This is a snippet of the "Compression" chapter of the book.
Compression is one of the tools that every programmer should understand and wield confidently. Such situations when the size of the dataset is larger than the program can handle directly and it becomes a bottleneck are quite frequent and can be encountered in any domain. There are many forms of compression, yet the most general subdivision is between lossless one which preserves the original information intact and lossy compression which discards some information (assumed to be the most useless part or just noise). Lossless compression is applied to numeric or text data, whole files or directories — the data that will become partially or utterly useless if even a slight modification is made. Lossy compression, as a rule, is applied to data that originates in the "analog world": sound or video recordings, images, etc. We have touched the subject of lossy compression slightly in the previous chapter when talking about such formats as JPEG. In this chapter, we will discuss the lossless variants in more detail. Besides, we'll talk a bit about other, non-compressing, forms of encoding.
Encoding
Let's start with encoding. Lossless compression is, in fact, a form of encoding, but there are other, simpler forms. And it makes sense to understand them before moving to compression. Besides, encoding itself is a fairly common task. It is the mechanism that transforms the data from an internal representation of a particular program into some specific format that can be recognized and processed (decoded) by other programs. What we gain is that the encoded data may be serialized and transferred to other computers and decoded by other programs, possibly, independent of the program that performed the encoding.

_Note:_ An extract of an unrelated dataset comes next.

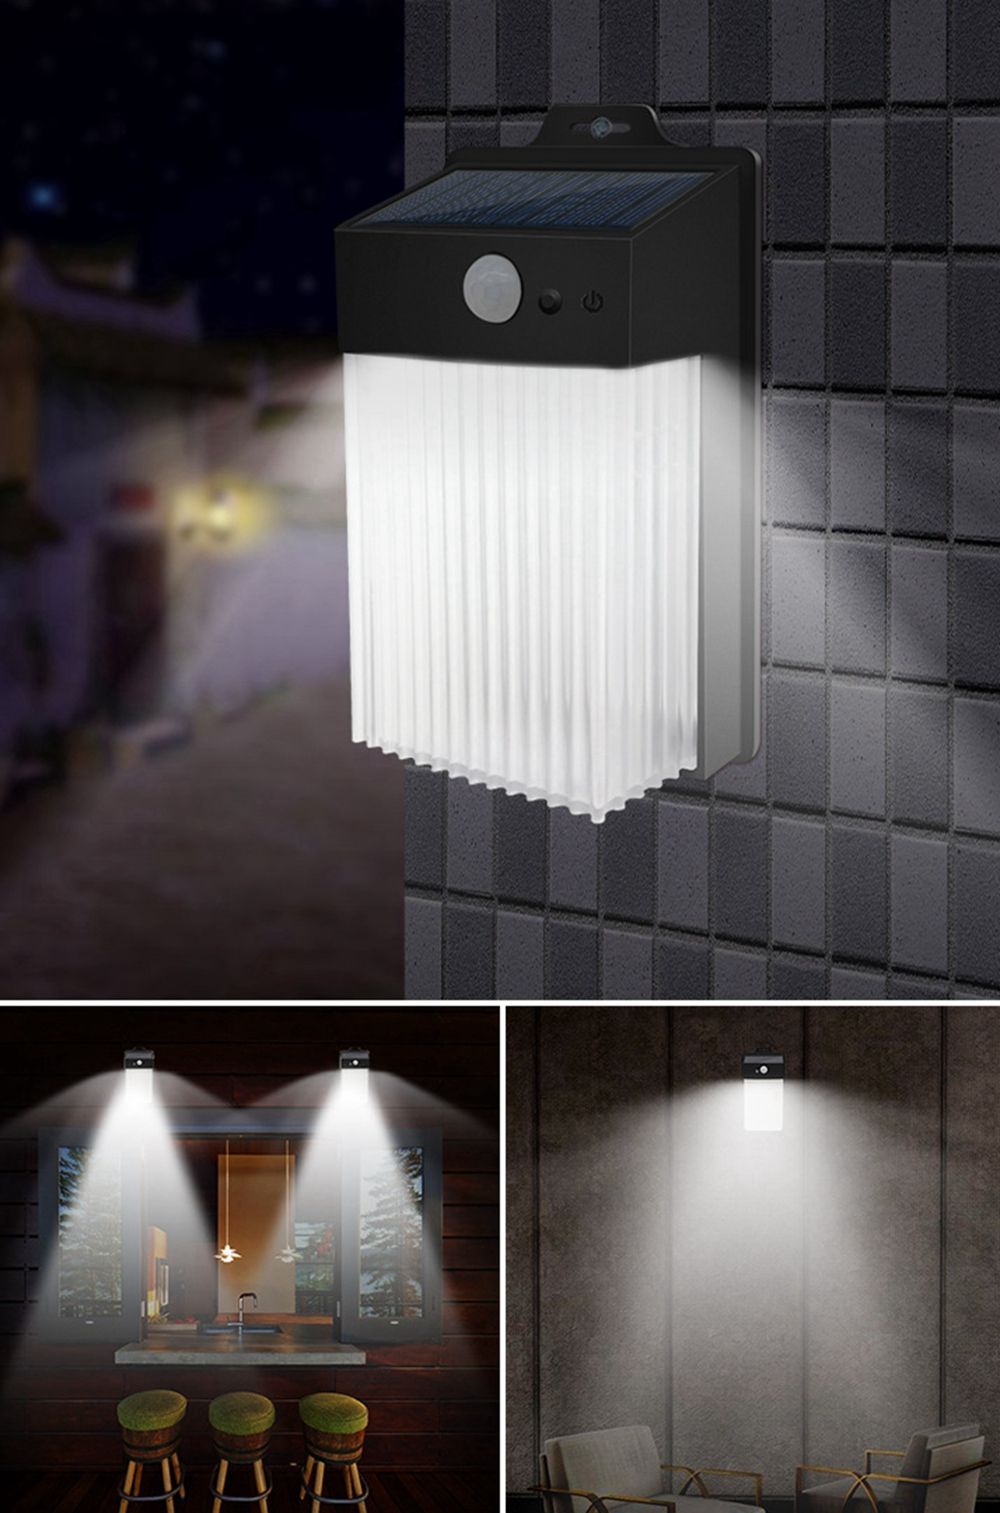 Solar-Power-50-LED-PIR-Motion-Sensor-Wall-Light-Waterproof-Outdoor-Path-Yard-Garden-Security-Lamp-1566021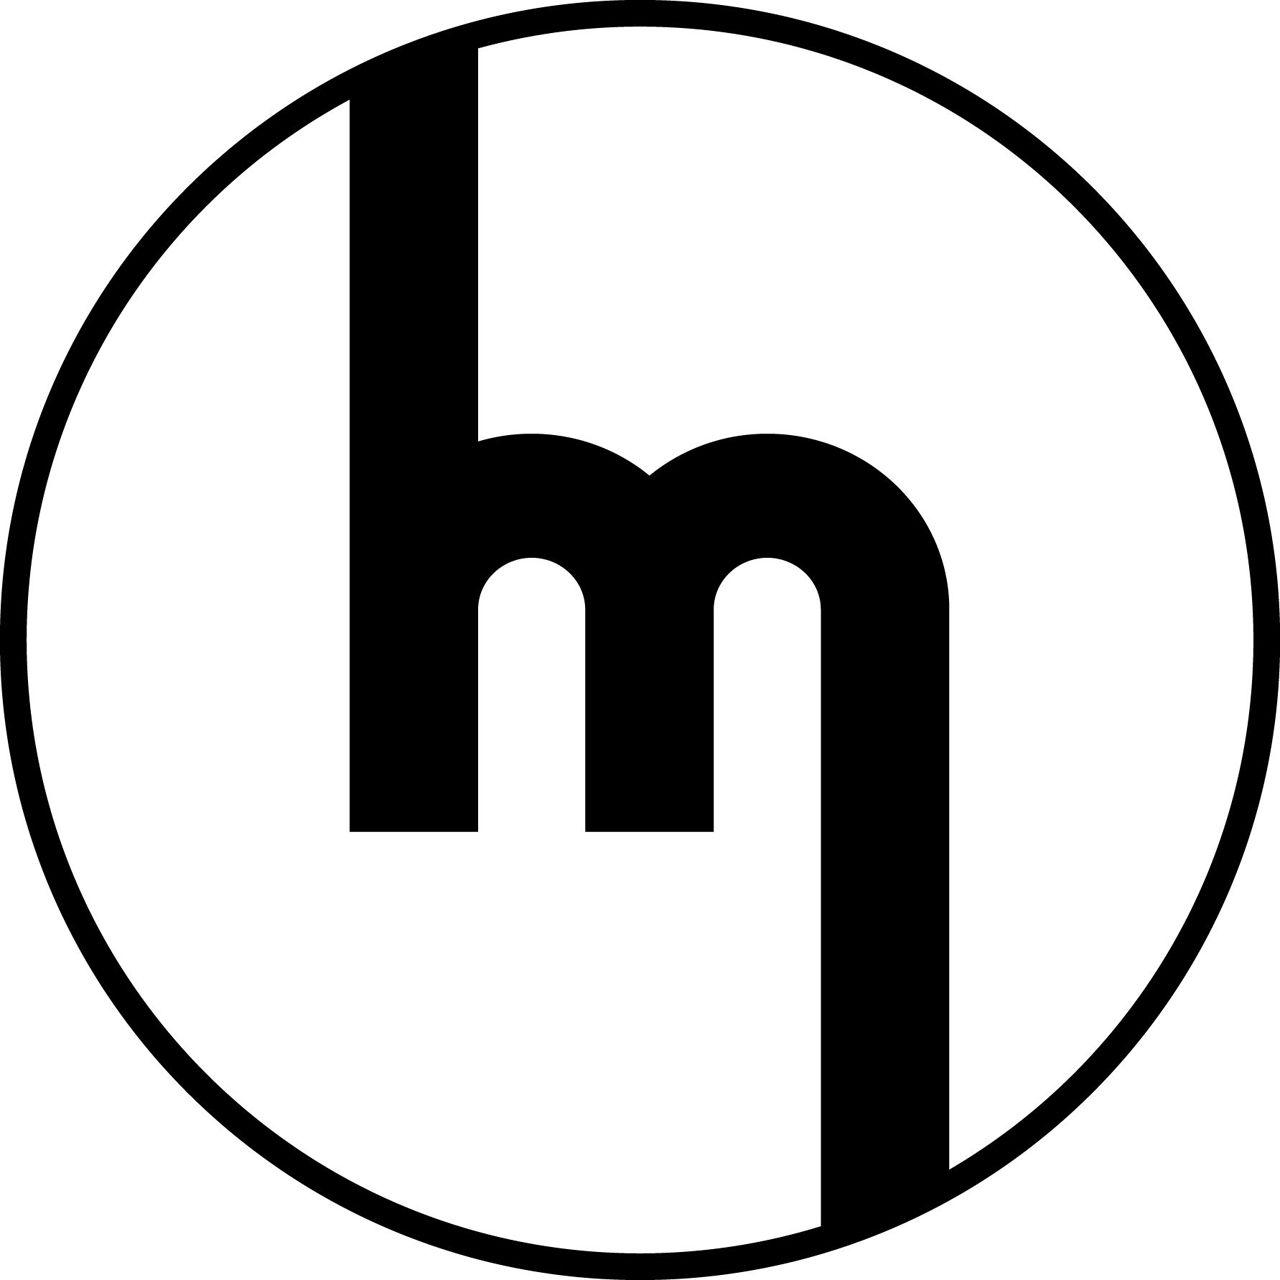 Mazda Vintage Logo - Image - Mazda 60s logo.jpg | Ultraman Wiki | FANDOM powered by Wikia

Encoding may be applied to different semantic levels of the data. Character encoding operates on the level of individual characters or even bytes, while various serialization formats deal with structured data. There are two principal approaches to serialization: text-based and binary. The pros and cons are the opposite: text-based formats are easier to handle by humans but are usually more expensive to process, while binary variants are not transparent (and so, much harder to deal with) but much faster to process. From the point of view of algorithms, binary formats are, obviously, better. But my programming experience is that they are a severe form of premature optimization. The rule of thumb should be to always start with text-based serialization and move to binary formats only as a last resort when it was proven that the impact on the program performance will be significant and important.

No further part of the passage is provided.